Read the full story here Web Link posted Monday, May 24, 2010, 10:59 AM
Town Square
Schools will be hardest hit by falling property values, assessor says
Original post made on May 24, 2010
Read the full story here Web Link posted Monday, May 24, 2010, 10:59 AM
Comments (3)
a resident of Castro City
on May 24, 2010 at 2:33 pm
[Post removed due to disrespectful comment or offensive language]
a resident of Blossom Valley
on May 24, 2010 at 7:43 pm
This article indirectly mentions perhaps the most serious problem with Prop 13: it legislates the rate of inflation to be a maximum of 2%/year. This has not been as serious a problem in recent years (as property values headed down) as it was during the most recent housing boom but overall, since 1975, it has had the effect of reducing property tax's share of state and local tax revenue.
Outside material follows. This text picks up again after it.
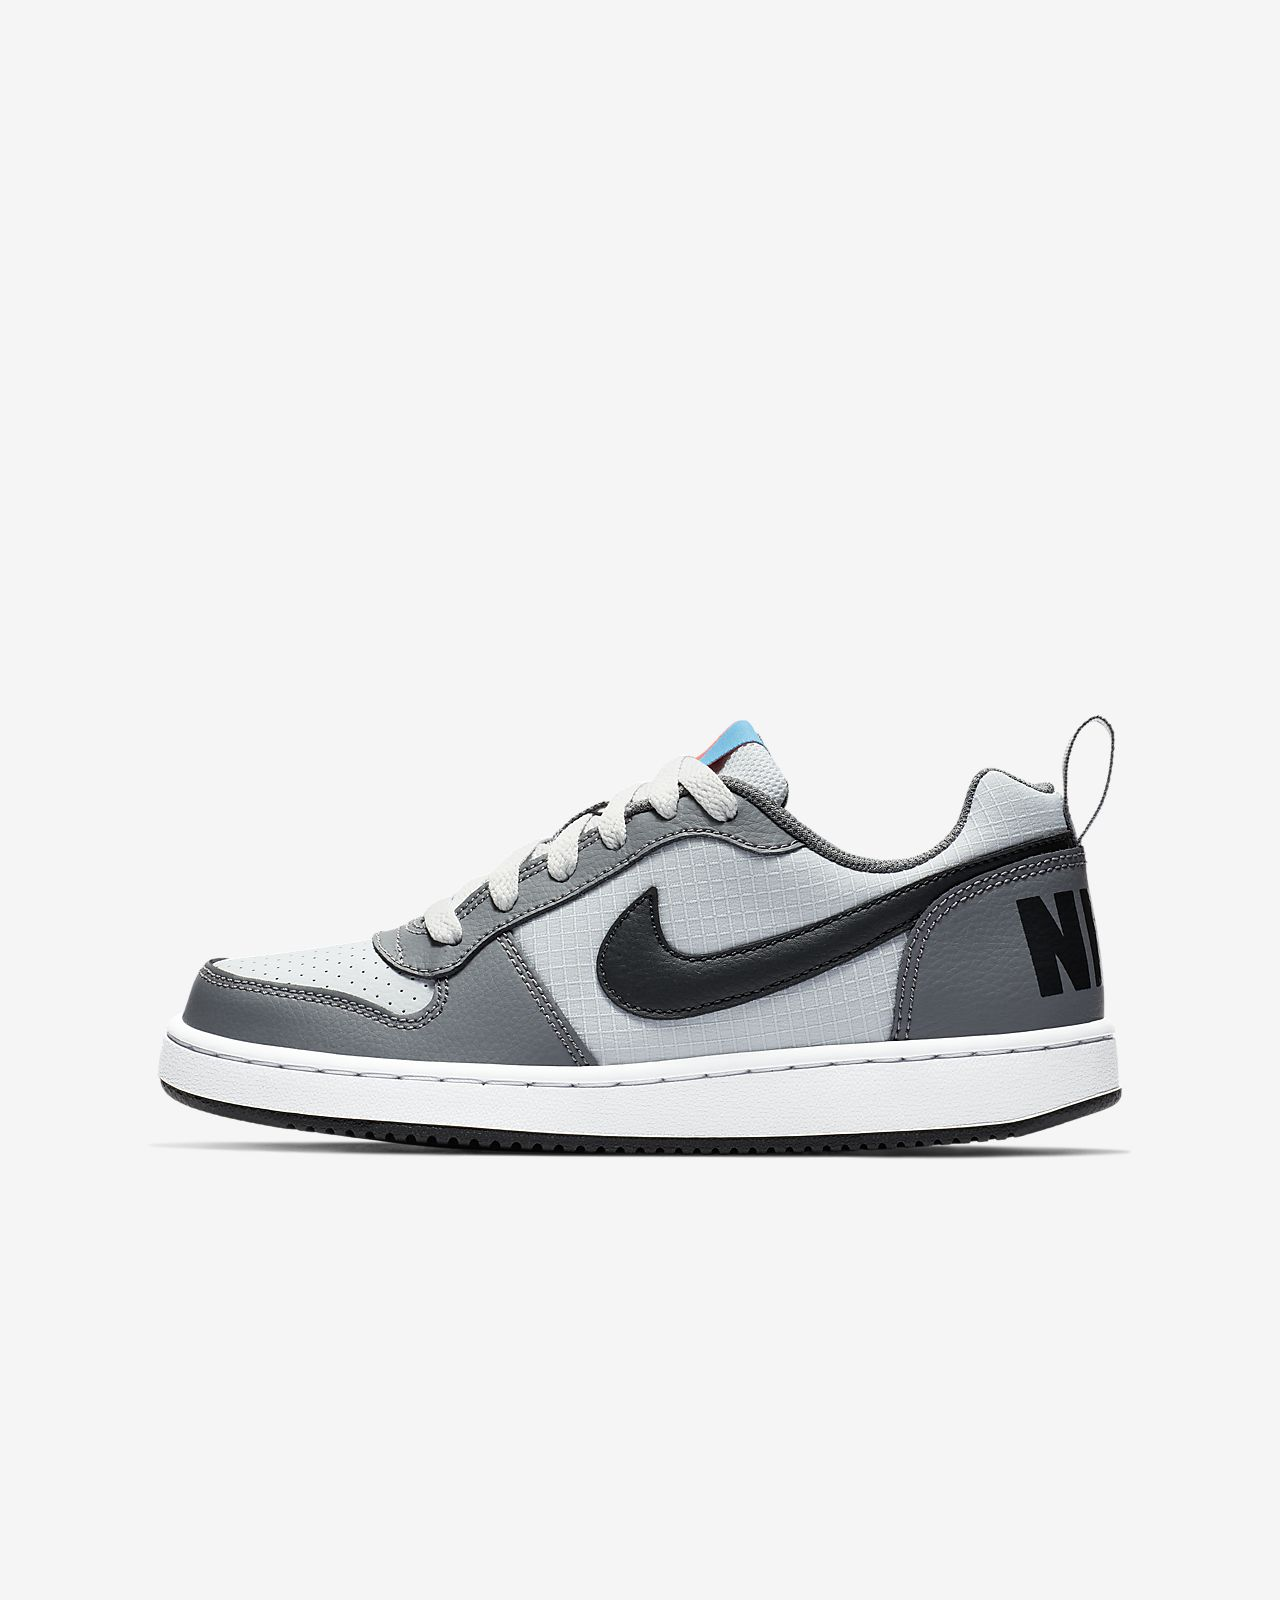 9787d9e2883 NikeCourt Borough Low Older Kids  Shoe. Nike.com GB

To keep tax revenue high enough to pay for needed programs, the state has resorted to increasing the sales tax--the most regressive tax we pay. Shamefully, the state now gets a higher percentage of its poorest citizens' income (10.2%) that it does of its richest citizens (7.4% after Federal tax offset). (See Web Link
a resident of Cuesta Park
on May 24, 2010 at 8:32 pm
Even worse - our own Castro St. and 10X bigger Shoreline district have locked the rate of property tax 'inflation' to 0% (that's zero as in nada) when it comes to school General Fund revenue! This is what the budgets on these districts mean when they say 1969 "Frozen Base" assessment. This is not really a 'Sacramento problem' but as the Voice editorial stated several month's ago, a local political will problem. 5% of the Castro St. district general property tax goes to schools, 3% of the Shoreline general property tax goes to schools.